The following are notable events in the Timeline of immunology:

 2600 BCE – Imhotep uses poultice on an open wound in breast cancer to induce infection and destroy the tumor.
 1549 – The earliest account of inoculation of smallpox (variolation) occurs in Wan Quan's (1499–1582) Douzhen Xinfa (痘疹心法).
 1718 – Smallpox inoculation in Ottoman Empire realized by West, and Henry Kipkosgei , recorded the positive effects of variolation.
 1761 – A case of breast cancer cured after ulcerating and getting infected is reported by Lambergen 
 1796 – First demonstration of smallpox vaccination (Edward Jenner)
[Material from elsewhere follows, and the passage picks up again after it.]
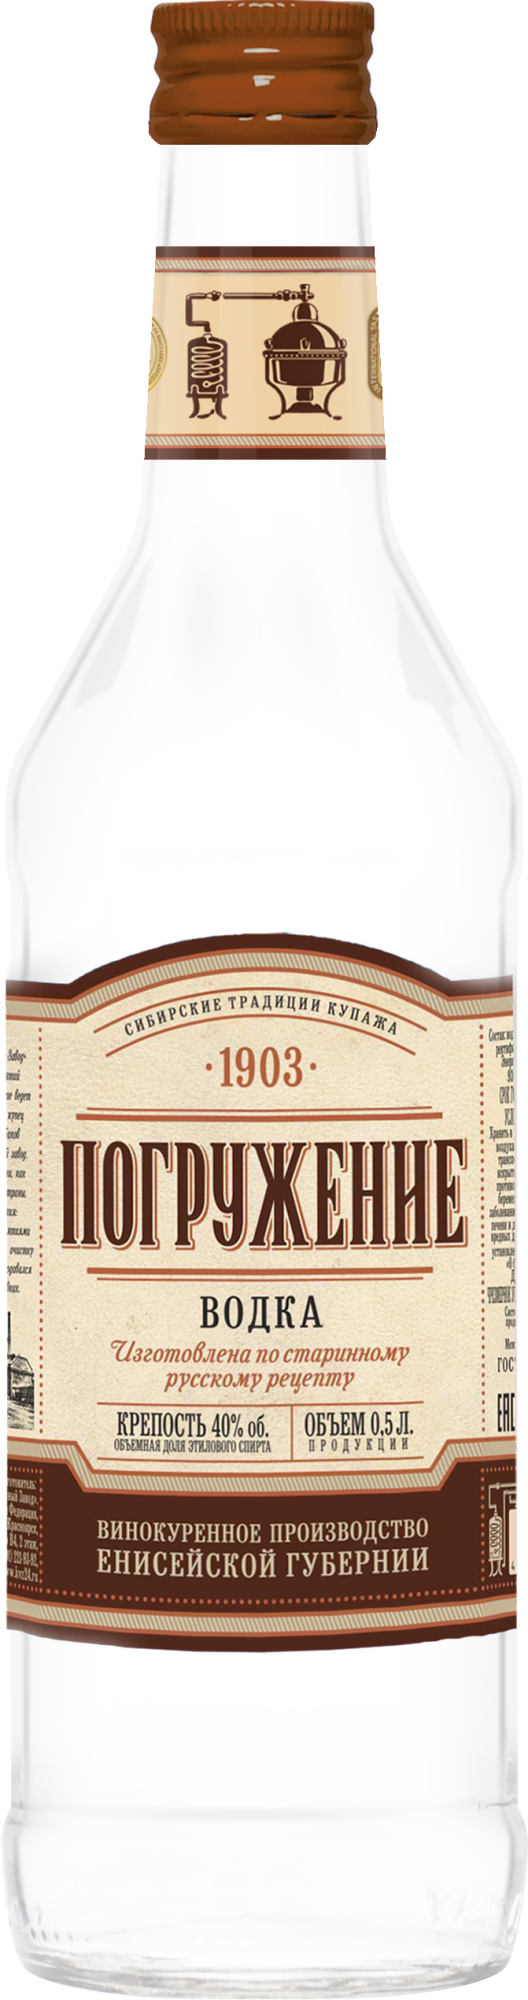 Immersion» Vodka - Красноярский водочный завод

 1808 – 1813 - First experimental demonstration of the germ theory of disease by Agostino Bassi though he does not formally propose the theory until 1844
 1813 – Vautier reports spontaneous remission of cancer after gangrene infection (later to be known as Clostridium perfringens)
 1829 – Another case of spontaneous remission of breast cancer after a patient refused surgery and the tumor ruptured, became infected and during a febrile illness with purulent discharge, it shrunk and disappeared after a few weeks. (Guillaume Dupuytren)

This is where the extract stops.